▶ REQUIREMENT: Look through the lines below, find those with the word "over", and copy them.

[Dataset excerpts]
┌──
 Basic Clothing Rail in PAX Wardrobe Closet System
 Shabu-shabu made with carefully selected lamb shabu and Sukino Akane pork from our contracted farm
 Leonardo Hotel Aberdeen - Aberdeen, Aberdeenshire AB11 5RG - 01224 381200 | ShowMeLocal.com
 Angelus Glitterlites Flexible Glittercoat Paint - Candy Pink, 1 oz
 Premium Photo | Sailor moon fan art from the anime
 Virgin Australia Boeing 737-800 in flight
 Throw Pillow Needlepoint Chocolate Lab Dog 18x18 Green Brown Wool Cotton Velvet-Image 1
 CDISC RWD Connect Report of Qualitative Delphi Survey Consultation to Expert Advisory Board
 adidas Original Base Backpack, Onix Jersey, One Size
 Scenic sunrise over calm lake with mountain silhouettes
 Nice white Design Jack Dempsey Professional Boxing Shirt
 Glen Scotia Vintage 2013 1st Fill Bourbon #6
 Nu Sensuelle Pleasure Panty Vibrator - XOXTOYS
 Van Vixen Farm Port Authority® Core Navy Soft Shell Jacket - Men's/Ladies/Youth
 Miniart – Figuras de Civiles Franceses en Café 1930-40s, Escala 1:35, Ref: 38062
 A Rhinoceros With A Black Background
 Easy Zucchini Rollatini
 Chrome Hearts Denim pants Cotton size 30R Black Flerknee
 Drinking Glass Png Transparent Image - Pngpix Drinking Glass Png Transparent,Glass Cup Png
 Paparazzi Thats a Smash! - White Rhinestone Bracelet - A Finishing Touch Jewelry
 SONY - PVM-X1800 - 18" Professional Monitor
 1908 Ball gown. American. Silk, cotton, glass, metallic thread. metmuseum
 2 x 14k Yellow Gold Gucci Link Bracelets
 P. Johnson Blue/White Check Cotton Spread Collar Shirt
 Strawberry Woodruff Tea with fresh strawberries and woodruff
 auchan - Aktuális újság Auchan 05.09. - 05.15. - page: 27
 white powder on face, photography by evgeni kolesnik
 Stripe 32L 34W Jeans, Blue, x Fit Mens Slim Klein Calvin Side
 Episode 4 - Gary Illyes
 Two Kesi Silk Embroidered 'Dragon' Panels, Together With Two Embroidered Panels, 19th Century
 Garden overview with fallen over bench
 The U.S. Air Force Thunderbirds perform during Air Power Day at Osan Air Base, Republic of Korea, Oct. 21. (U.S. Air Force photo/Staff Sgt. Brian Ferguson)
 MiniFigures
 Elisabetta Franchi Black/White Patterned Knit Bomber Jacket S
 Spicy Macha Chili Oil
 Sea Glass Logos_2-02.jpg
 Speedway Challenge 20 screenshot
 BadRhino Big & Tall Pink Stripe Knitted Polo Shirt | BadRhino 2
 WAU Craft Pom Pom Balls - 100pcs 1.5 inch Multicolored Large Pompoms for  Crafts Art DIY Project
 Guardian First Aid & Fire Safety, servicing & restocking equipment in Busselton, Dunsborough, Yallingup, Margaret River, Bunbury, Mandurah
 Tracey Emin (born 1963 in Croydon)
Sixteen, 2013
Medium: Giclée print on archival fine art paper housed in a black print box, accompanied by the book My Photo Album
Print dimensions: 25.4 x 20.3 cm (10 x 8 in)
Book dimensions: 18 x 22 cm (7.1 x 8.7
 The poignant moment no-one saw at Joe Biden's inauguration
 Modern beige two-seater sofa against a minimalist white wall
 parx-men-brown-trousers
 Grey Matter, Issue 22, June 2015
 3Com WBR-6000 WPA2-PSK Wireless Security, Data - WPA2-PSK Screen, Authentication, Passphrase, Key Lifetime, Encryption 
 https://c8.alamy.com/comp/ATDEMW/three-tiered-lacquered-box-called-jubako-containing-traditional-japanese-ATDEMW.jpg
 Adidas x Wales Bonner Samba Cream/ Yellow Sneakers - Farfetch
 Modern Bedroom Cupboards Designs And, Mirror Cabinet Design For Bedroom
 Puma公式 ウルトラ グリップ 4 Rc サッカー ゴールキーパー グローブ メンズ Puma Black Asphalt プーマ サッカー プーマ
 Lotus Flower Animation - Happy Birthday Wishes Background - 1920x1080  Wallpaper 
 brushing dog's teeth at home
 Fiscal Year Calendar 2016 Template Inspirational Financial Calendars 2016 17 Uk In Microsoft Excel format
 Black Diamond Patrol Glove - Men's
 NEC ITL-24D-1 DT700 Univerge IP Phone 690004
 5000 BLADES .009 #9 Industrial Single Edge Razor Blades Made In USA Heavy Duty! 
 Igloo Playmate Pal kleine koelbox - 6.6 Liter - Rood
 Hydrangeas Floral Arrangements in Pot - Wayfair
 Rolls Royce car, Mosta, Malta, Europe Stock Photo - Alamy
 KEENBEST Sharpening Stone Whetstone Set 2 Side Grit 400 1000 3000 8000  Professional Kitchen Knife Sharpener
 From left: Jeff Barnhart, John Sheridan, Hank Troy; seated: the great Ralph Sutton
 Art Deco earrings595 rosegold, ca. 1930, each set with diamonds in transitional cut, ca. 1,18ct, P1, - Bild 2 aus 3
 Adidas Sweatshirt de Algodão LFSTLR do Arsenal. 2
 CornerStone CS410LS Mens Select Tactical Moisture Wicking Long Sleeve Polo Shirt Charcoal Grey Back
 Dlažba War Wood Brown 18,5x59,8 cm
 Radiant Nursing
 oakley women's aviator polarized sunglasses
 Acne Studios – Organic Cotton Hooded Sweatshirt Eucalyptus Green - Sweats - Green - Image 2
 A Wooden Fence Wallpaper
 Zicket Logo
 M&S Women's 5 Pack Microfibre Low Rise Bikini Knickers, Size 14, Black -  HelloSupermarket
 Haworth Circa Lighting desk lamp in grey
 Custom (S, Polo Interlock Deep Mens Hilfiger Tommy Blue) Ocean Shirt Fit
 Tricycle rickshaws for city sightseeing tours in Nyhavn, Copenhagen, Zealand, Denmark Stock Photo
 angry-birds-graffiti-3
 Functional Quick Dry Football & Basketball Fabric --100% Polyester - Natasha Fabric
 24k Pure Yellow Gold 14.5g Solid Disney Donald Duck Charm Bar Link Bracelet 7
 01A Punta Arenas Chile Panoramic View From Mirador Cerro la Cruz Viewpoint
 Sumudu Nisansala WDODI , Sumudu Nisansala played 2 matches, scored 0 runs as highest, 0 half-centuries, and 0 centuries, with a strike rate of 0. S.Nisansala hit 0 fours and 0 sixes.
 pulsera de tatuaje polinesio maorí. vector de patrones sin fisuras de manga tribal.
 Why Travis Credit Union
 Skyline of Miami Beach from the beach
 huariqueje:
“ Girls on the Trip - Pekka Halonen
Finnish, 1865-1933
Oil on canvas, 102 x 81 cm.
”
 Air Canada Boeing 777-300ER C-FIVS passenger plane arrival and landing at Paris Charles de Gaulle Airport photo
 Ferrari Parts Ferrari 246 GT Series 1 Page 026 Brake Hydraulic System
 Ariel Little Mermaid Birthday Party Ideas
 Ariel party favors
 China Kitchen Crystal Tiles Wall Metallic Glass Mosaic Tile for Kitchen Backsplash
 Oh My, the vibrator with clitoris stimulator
└──
▶ YOUR RESPONSE:
 Scenic sunrise over calm lake with mountain silhouettes
 Garden overview with fallen over bench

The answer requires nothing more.